The qualities are often discussed informally within software engineering without attention to their precise meaning. To reduce the risk of ambiguity, we included definitions within the survey. Respondents were free to move between the survey pages, meaning they could return to the definitions as necessary, and indeed some respondents quoted our definitions within their rationale.

With any survey, there is a danger of bias in terms of the respondent population. We tried to avoid this by targeting a specific set of organisations directly relevant to the study, i.e. software engineers, through a set of professional institutions. One final lesson we learnt from the process is that we did not pilot the survey sufficiently. For example, it transpired that the survey did not work on all mobile devices, which may have skewed our sample.

9 Conclusions

9.1 Refactoring Metrics Are Not Correlated with Human Judgement

In Sect. 6.1, we were unable to refute the null hypothesis that there is no correlation between these standard SBSE refactoring metrics and software quality. Thus we are unable to support the conjecture that SBSE refactoring tools relying solely on these metrics will consistently propose useful refactored models to engineers. Whilst we dealt with only a subset of available metrics and two example problems, our qualitative results suggest that this statement will generalise to other metrics and problem domains, simply because metrics do not take into account the information required to make a sound judgement.

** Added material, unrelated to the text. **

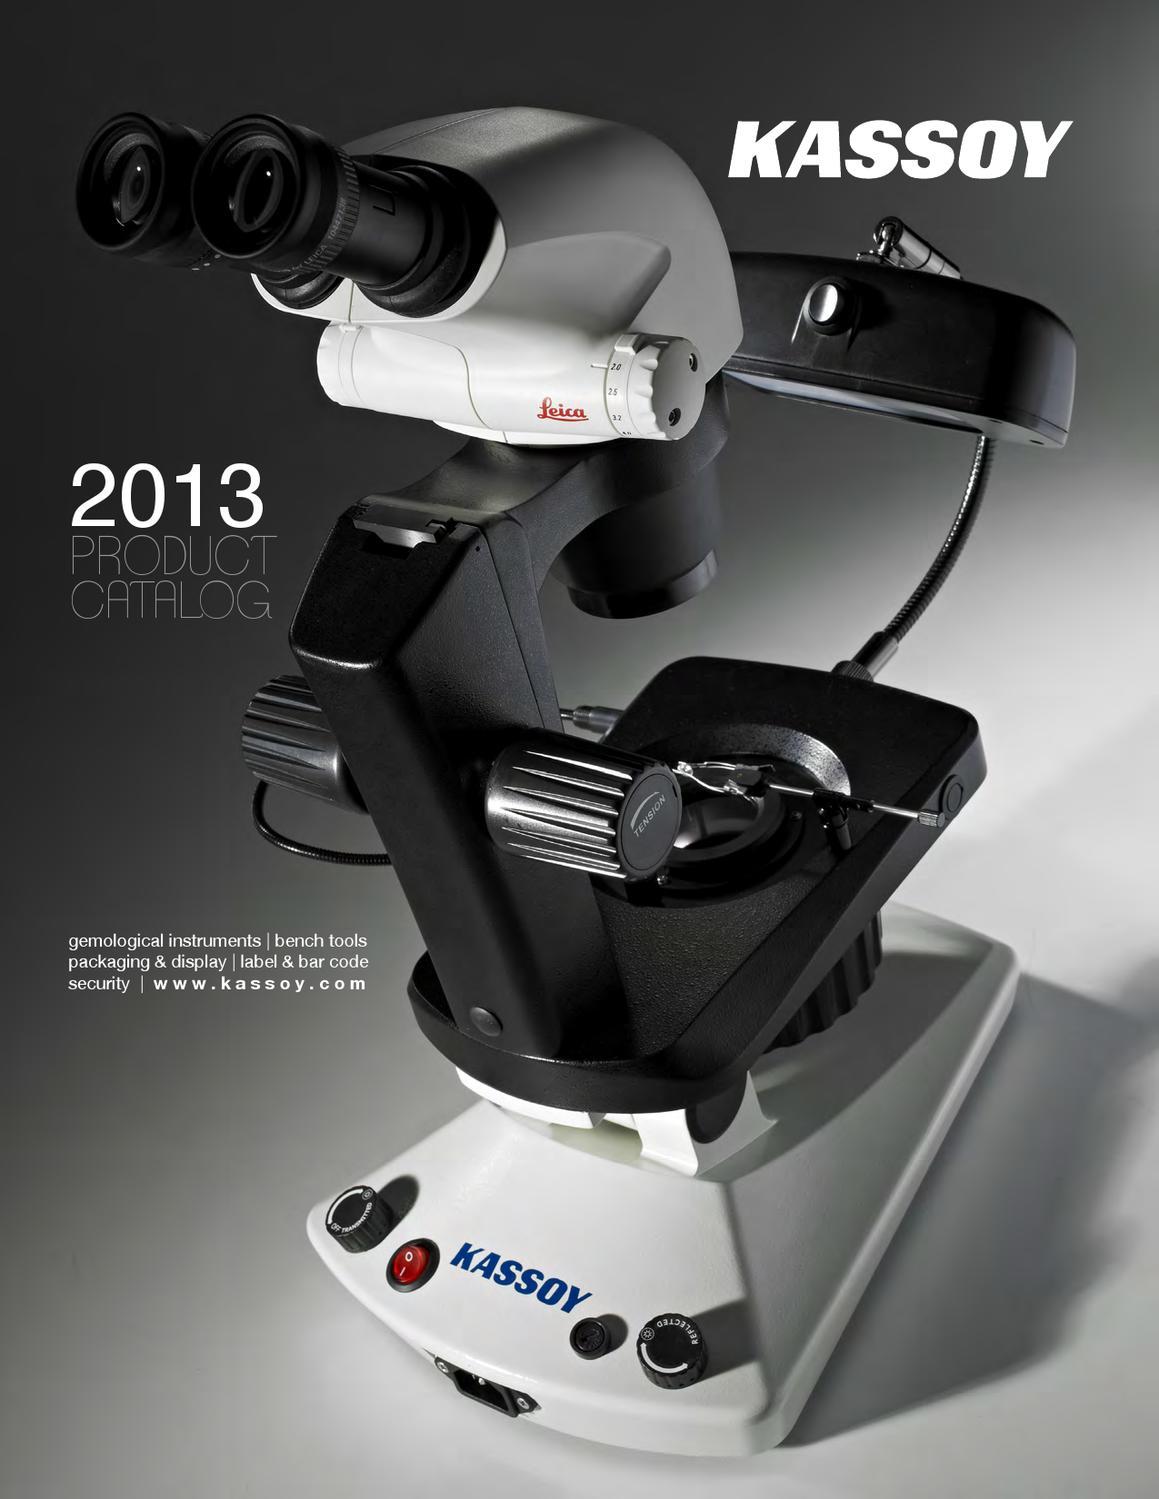 Kassoy 2013 Catalog by Kassoy, LLC - issuu

9.2 Wider Lessons Regarding Refactoring

We conclude from our qualitative analysis that metrics based on an object-oriented design are insufficient to optimise software quality. Furthermore, no simple metrics will be able to entirely capture the essential aspects of a software design used by human engineers when making judgements of software qualities.

Software is inextricably connected to a problem domain, and attempting to treat the design of a system in isolation disregards this connection. We note the recent advances in Machine Learning and automatic programming to address such concerns e.g. [3], and do not discount that such developments could one day solve the problem of machine judgement of software quality. However, without such advances we recommend that, although not novel, human-in-the-loop systems are the only viable method for automated refactoring tools that produce meaningful solutions.

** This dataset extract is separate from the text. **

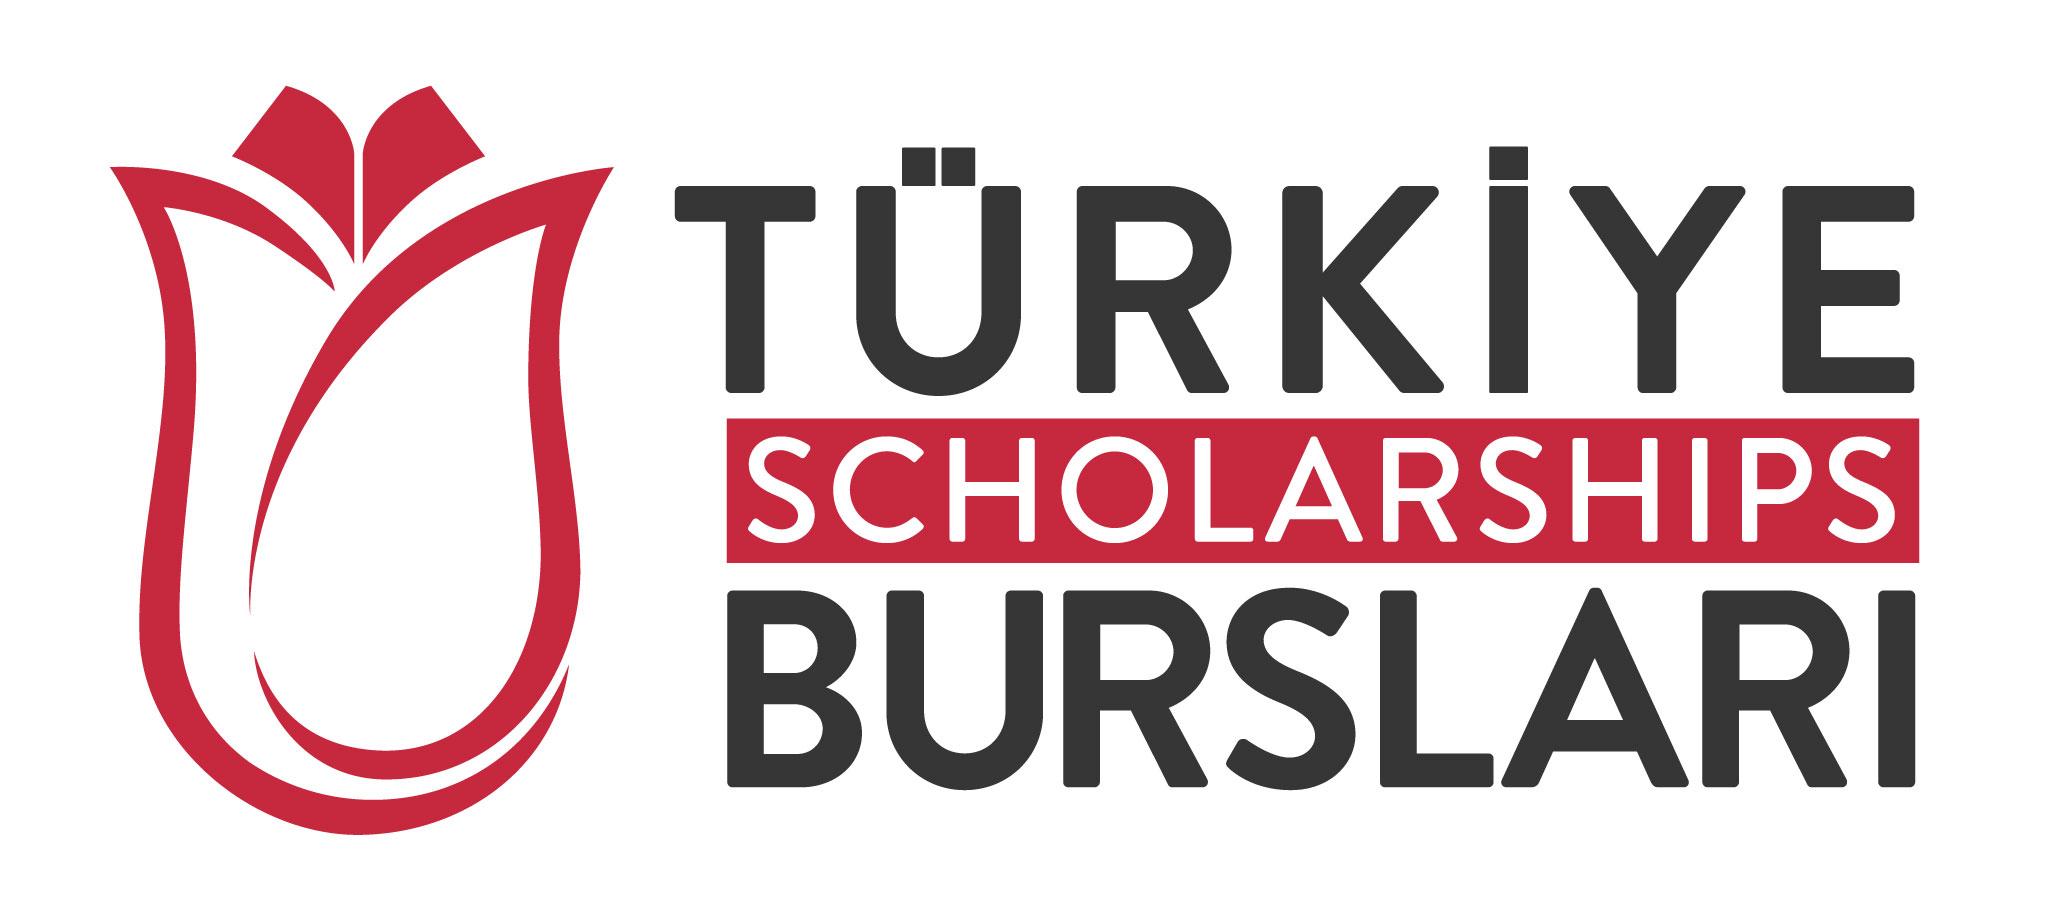 Apply for Türkiye Scholarships 2021 for Undergraduate & Postgraduate Studies in Turkey (Fully-funded)

Future work could include repeating the exercise but including some form of design concerning the dynamic behaviour of each system. The lack of a dynamic view (for example, a statechart) was the most common complaint amongst respondents, and it would be interesting to see how this affects their ability to discern the qualities of the software design, as well as the impact it may have on the articulation of their rationale. However, we suspect that such an experiment may be subject to very low response rates, and we recommend a smaller focus-group approach involving observed exercises and interviews.

Omitting information that could deanonymise a respondent, the data gathered and used to produce the figures in this paper are online [36].